The TCA generates the salt, which is used in the hash function to protect the resulting sIDs from brute-force attacks.

Next, the TCA generates a transport ID (tID) for each oID and sends the transport mapping (tMap: oID ➙ tID) back to the CDA.
A secure mapping (sMap: tID ➙ sID) is created for the research domain.

The identifier for the sMap (sMapName) is sent to the CDA.
The CDA first replaces the oIDs with tIDs in the patient bundle, then sends the transport-pseudonymized patient bundle and sMapName to the RDA.
Upon receipt, the RDA requests the corresponding sMap and replaces the tIDs with sIDs.

The following diagram illustrates the transmission process in detail:

Generation of Transport and Pseudonymized IDs

sID

The TCA uses gPAS to generate and store pseudonyms. For each patient, two pseudonyms are generated:

$$\begin{array}{rl}\text{oPID}& \to \text{sPID}\\ \text{"Salt\_"}+\text{oPID}& \to \text{Salt}\end{array}$$

The keys used are the oPID of the patient and the concatenation of the literal "Salt_" with the oPID. Note: "Salt_" is a fixed string, not a variable or real salt.

The first pseudonym maps the patient oPID directly to a sPID and can be used for re-identification. The second pseudonym acts as a salt for the other resource IDs:

$$\text{Ressourcen-sID}=\text{SHA256}(\text{Salt}+\text{oID})$$

Security Note

The combination of alphabet size $A$ and salt length $n$—i.e., $A^n$ possible variants—must be chosen large enough to resist brute-force attacks (see security aspects).

Example

Suppose there is a patient in the CDA with two resources:

Patient:
  oID = 1,
  Ressourcen:
  [
    Encounter: oID = 2,
    MedicationAdministration: oID = 3
  ]

The CDA sends the oIDs (1, 2, 3) to the TCA. The TCA generates:

$$\begin{array}{rl}1& \to \text{d7dsjdg4}\\ \text{Salt\_1}& \to \text{5kf8344f}\end{array}$$

Using the salt, the TCA computes:

$$\begin{array}{rl}2& \to \text{SHA256}(5kf8344f2)\\ 3& \to \text{SHA256}(5kf8344f3)\end{array}$$

tID

For each oID, a random number is generated as the tID.

The mapping:

$$\text{oID}\to \text{tID}$$

is temporarily stored in a key-value store. Thus, tIDs can vary on repeated transfers. The retention time of tIDs is configurable in the TCA.

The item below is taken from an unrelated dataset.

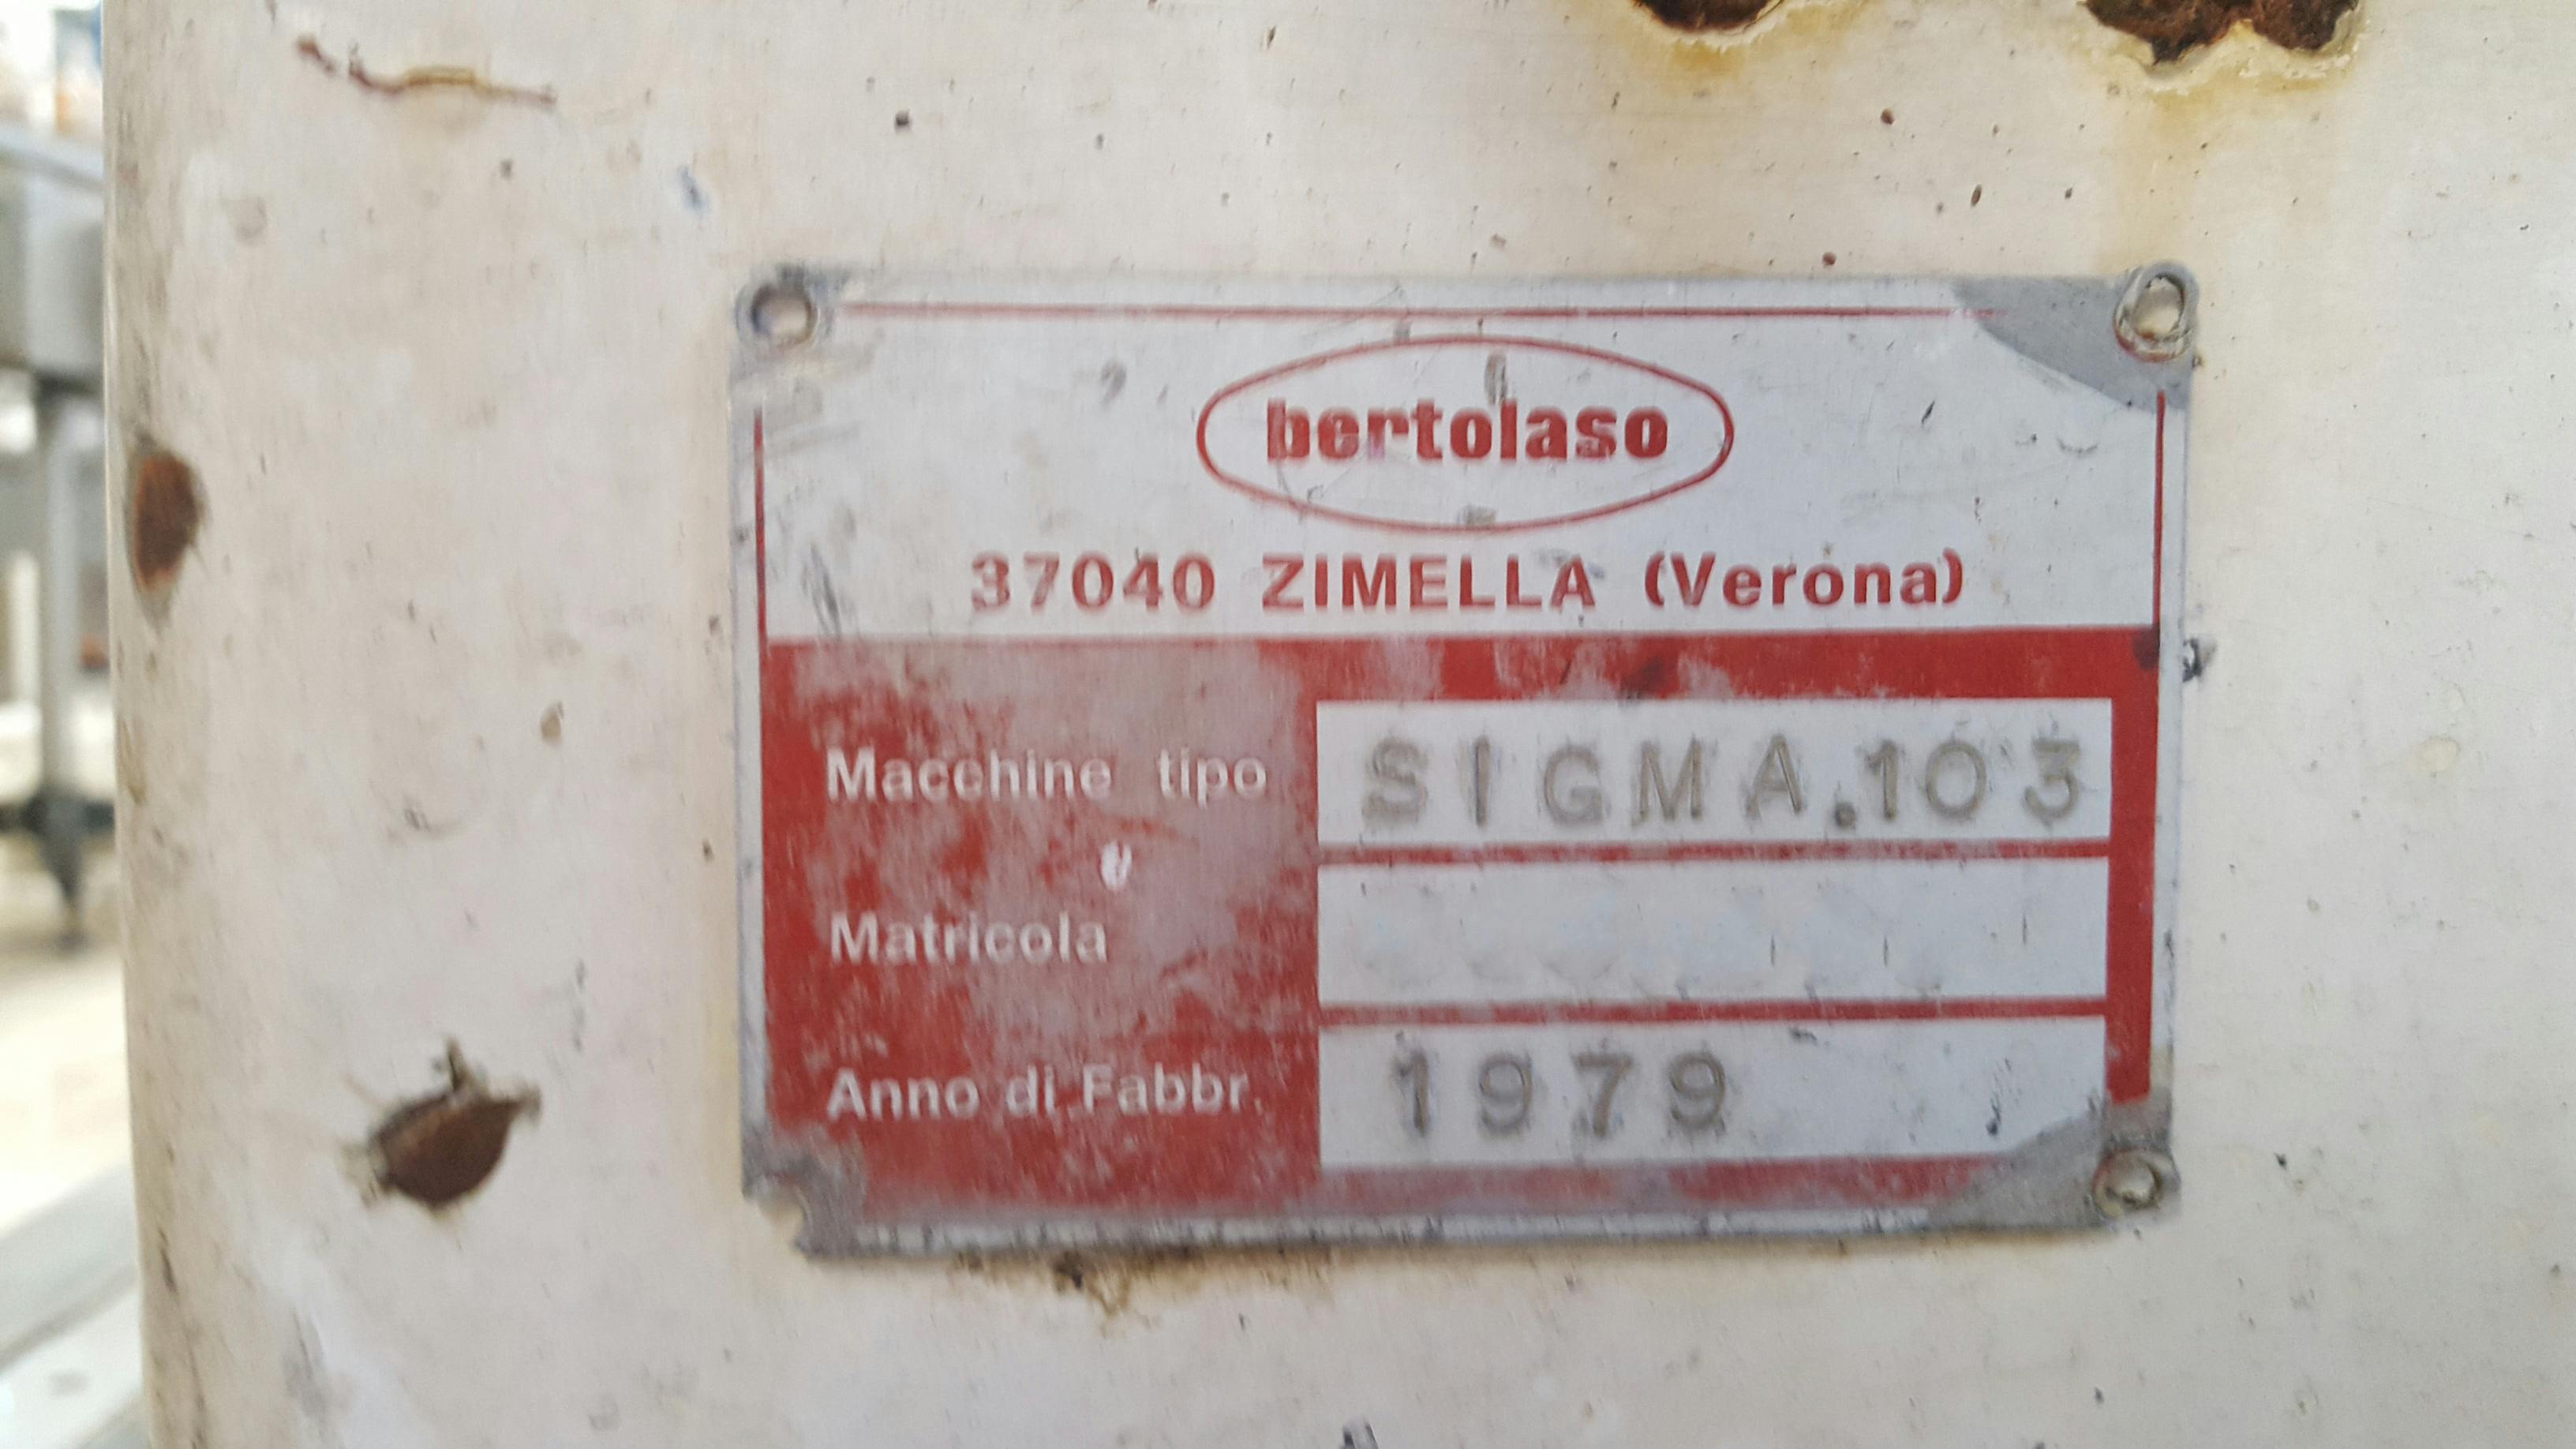 Výrobní štítek Bertolaso Sigma 103

Transport Mapping: Replacing oIDs with tIDs

Once the CDA sends the oIDs to be pseudonymized to the TCA, temporary transport IDs (tIDs) are generated and sent back with the sMapName. The CDA replaces the oIDs with tIDs and sends the data and sMapName to the RDA.

Example Transport Mapping:

$$\begin{array}{rl}1& \to 84613221\\ 2& \to 34186571\\ 3& \to 97354168\end{array}$$

transport-Patient:
  tID = 84613221,
  Ressourcen:
  [
    Encounter: tID = 34186571,
    MedicationAdministration: tID = 97354168
  ]

Secure Mapping

After receiving the transport-pseudonymized bundle, the RDA requests the sMap using the sMapName and replaces the tIDs with sIDs. The sIDs are intended for research purposes and remain stable across transfers.

Example Secure Mapping:

$$\begin{array}{rl}84613221& \to \text{d7dsjdg4}\\ 34186571& \to \text{SHA256}(5kf8344f2)\\ 97354168& \to \text{SHA256}(5kf8344f3)\end{array}$$

research-Patient:
 <sID = d7dsjdg4,
 Ressourcen: [
  Encounter: sID = SHA256(5kf8344f2),
  MedicationAdministration: sID = SHA256(5kf8344f3)
 ]

Security Aspects

Salt Brute-Forcing

Suppose an attacker knows both oIDs and sIDs and attempts to determine the mapping using brute-force.

The time $T$ needed to determine the salt is given by:

$$T=\frac{A^n}{v}$$

where $A$ is the alphabet size, $n$ the salt length, and $v$ the number of hashes per second.

As of 2025, hardware capable of ${10}^{15}$ SHA256 hashes per second is realistically available for $25,000, consuming 15 J/TH. These figures are based on SHA256 Bitcoin mining hardware.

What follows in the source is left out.